- [Task details]:
Quote all of the data exactly as given. Skip every picture it contains.

- [Available data]:
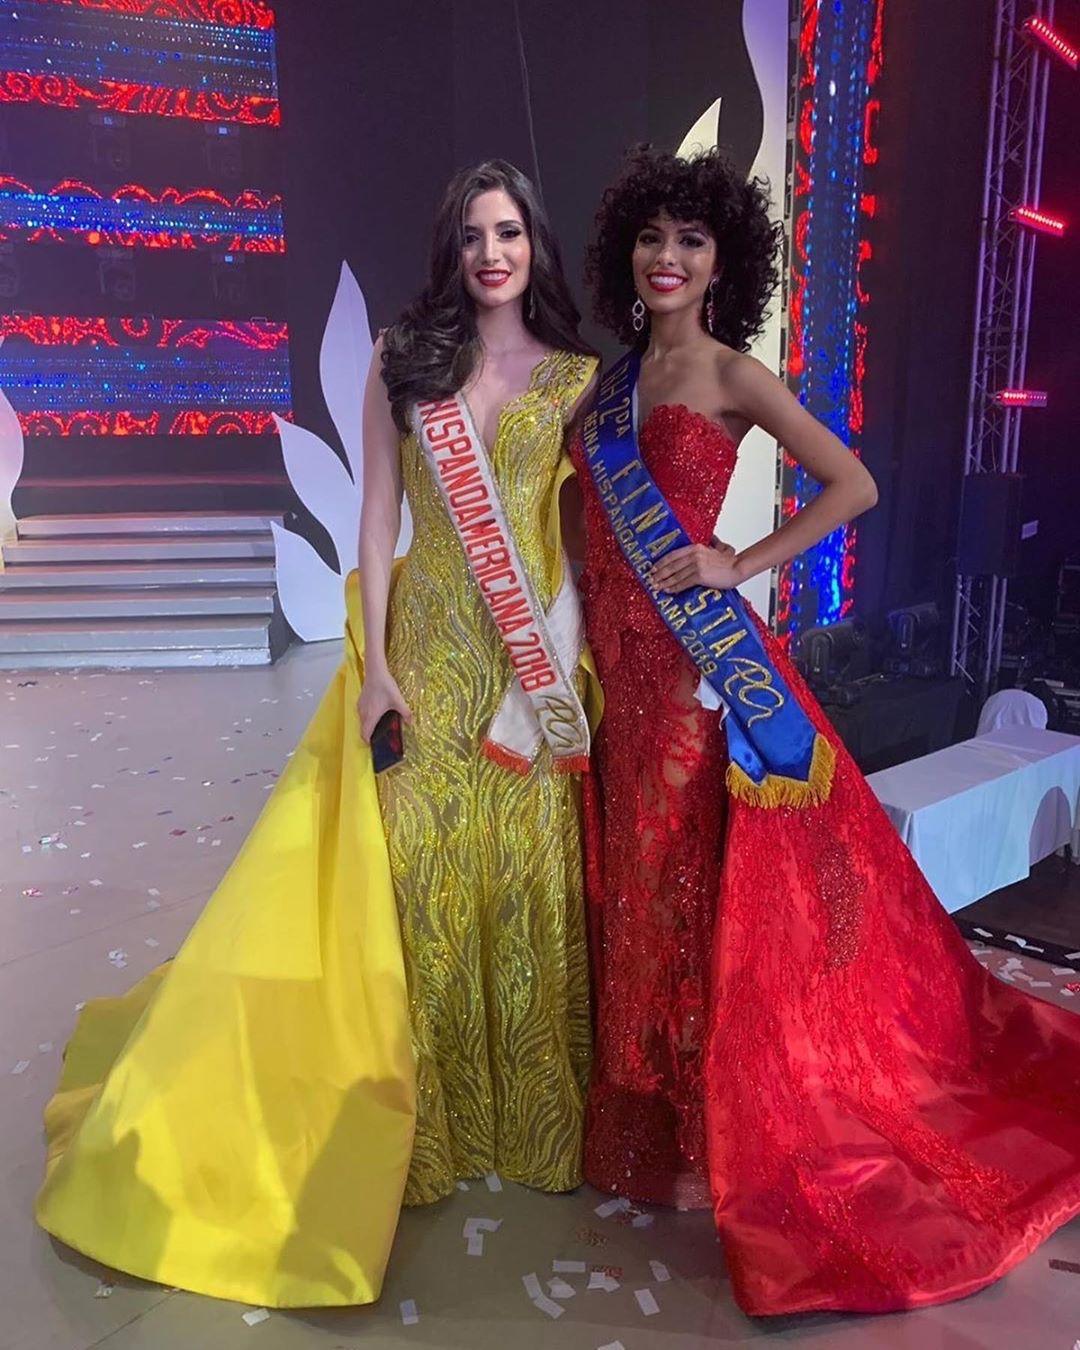 nariman battikha, reyna hispanoamericana 2018/top 10 de miss supranational 2018. - Página 12 83898410
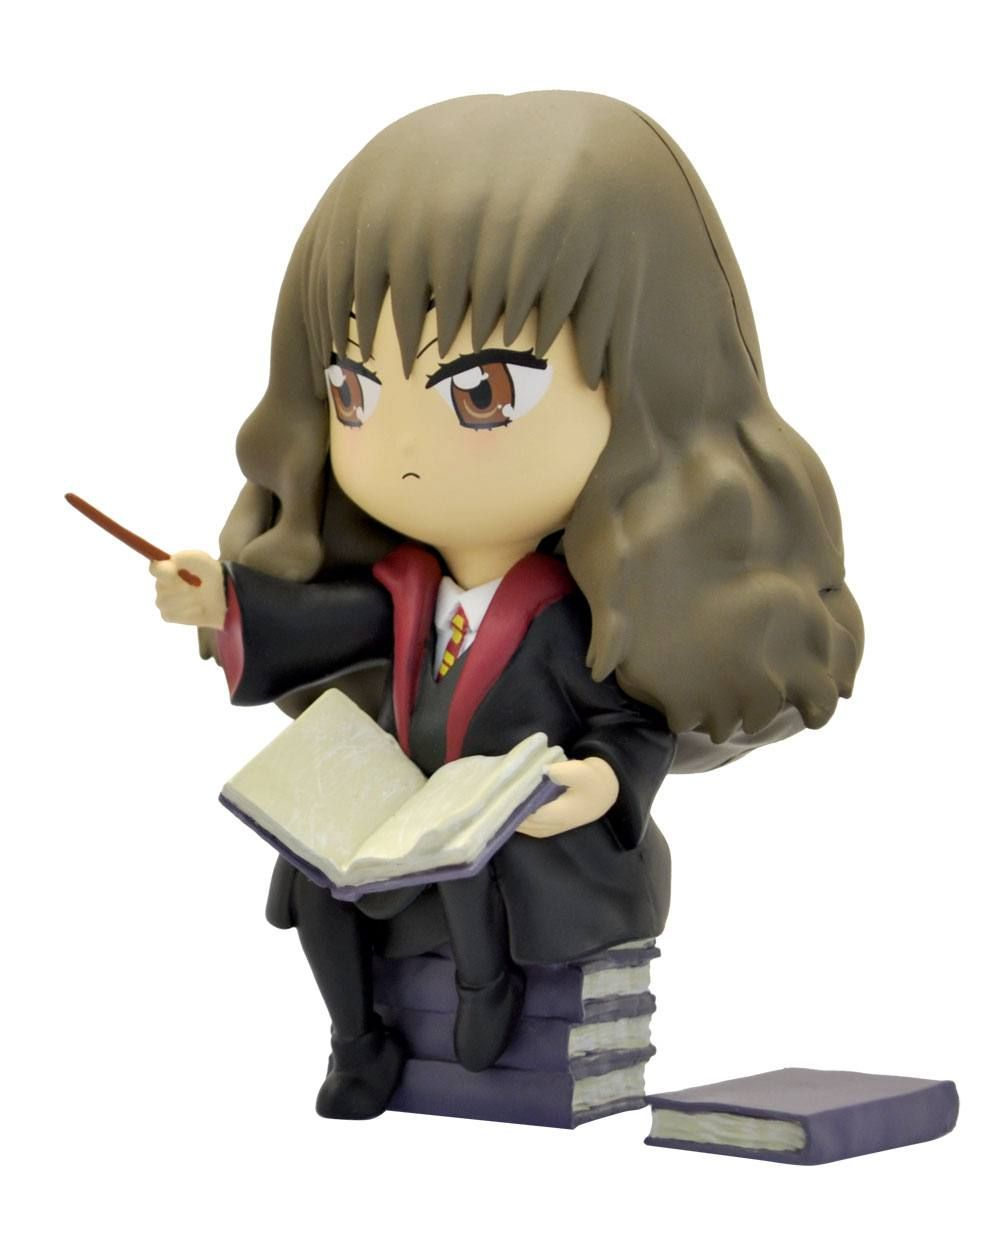 Harry Potter Figure Hermione Granger Studying A Spell 13 cm Plastoy
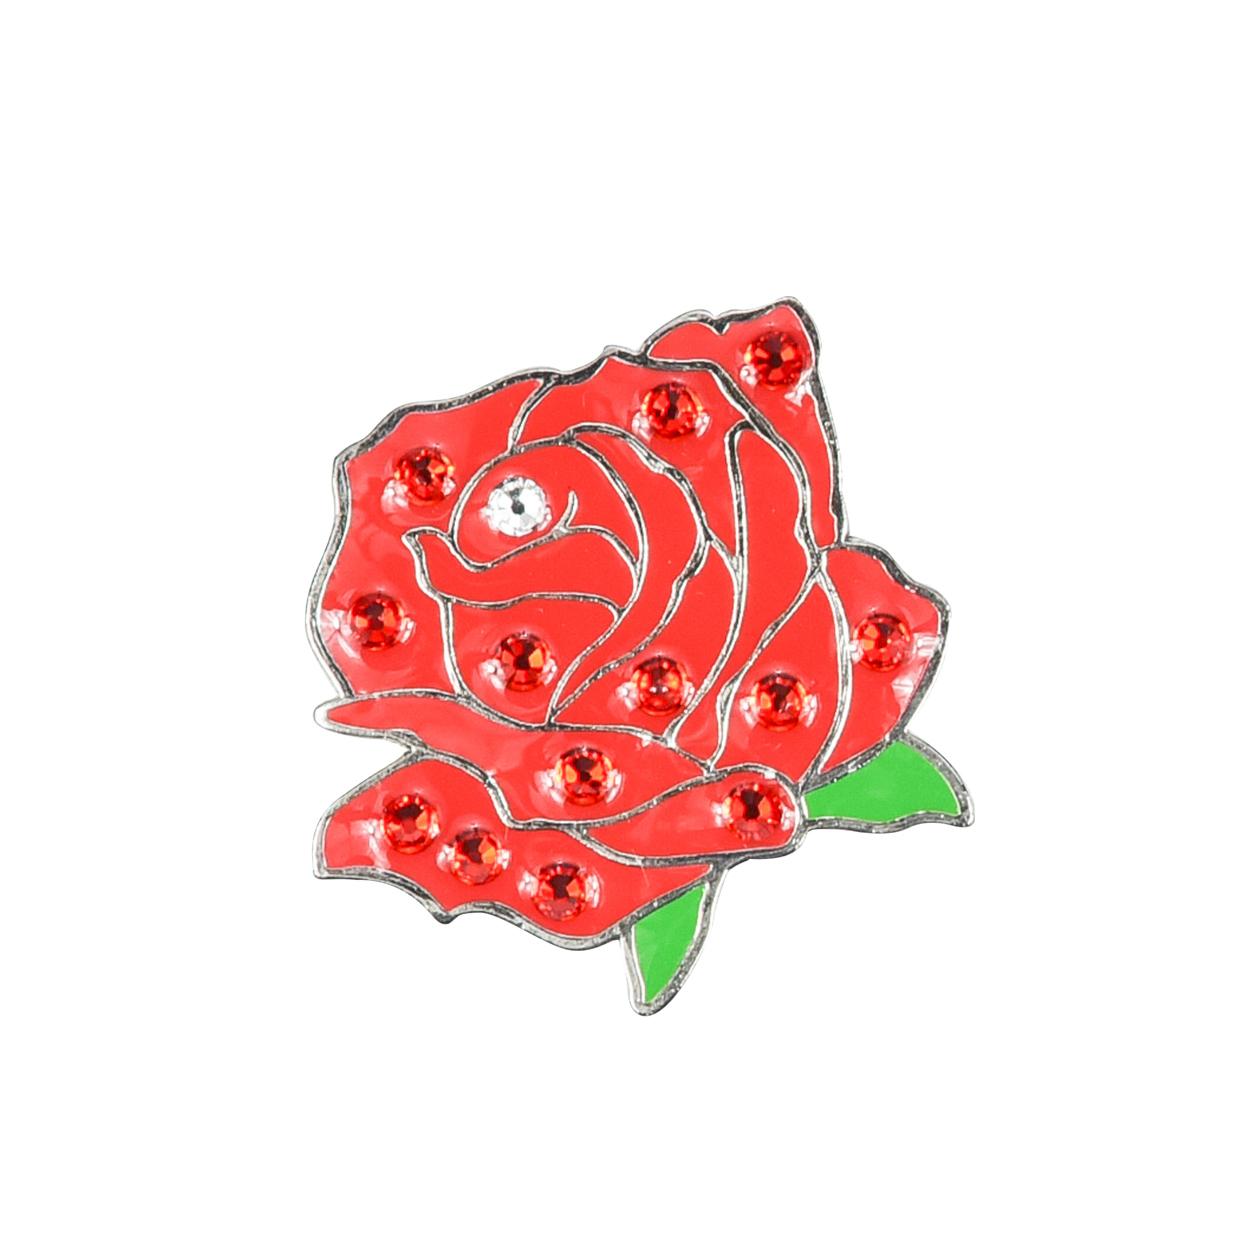 9. Rose Red
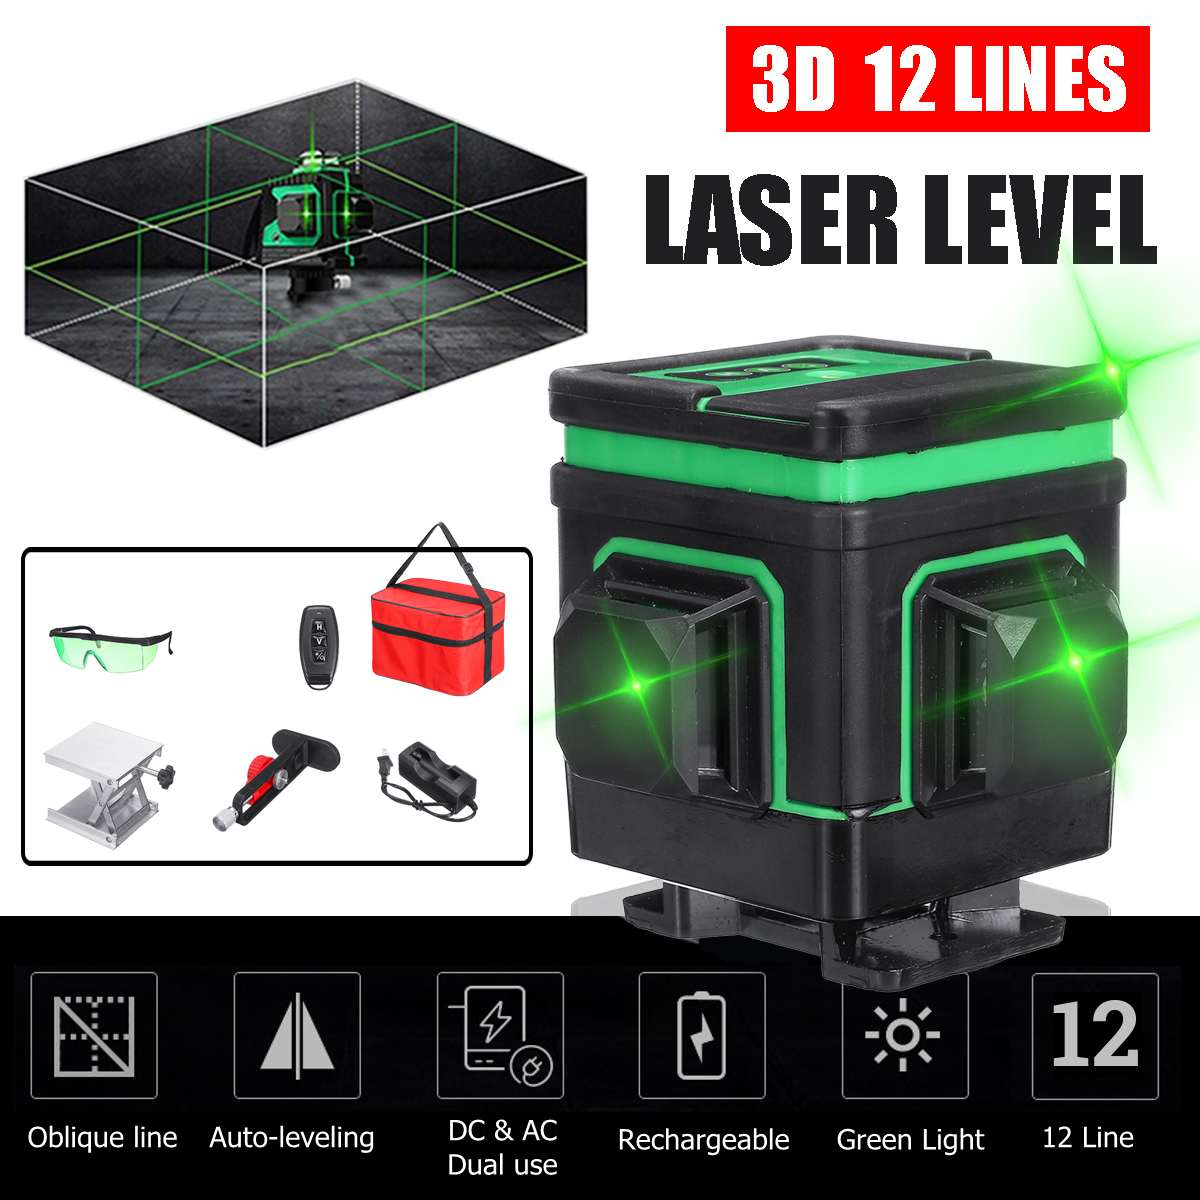 3D láser Nivel 12 líneas 360 rotativo Nivel láser trípode para Nivel Lazer receptor soporte herramientas de construcción

- [Exercise response]:
 nariman battikha, reyna hispanoamericana 2018/top 10 de miss supranational 2018. - Página 12 83898410
 Harry Potter Figure Hermione Granger Studying A Spell 13 cm Plastoy
 9. Rose Red
 3D láser Nivel 12 líneas 360 rotativo Nivel láser trípode para Nivel Lazer receptor soporte herramientas de construcción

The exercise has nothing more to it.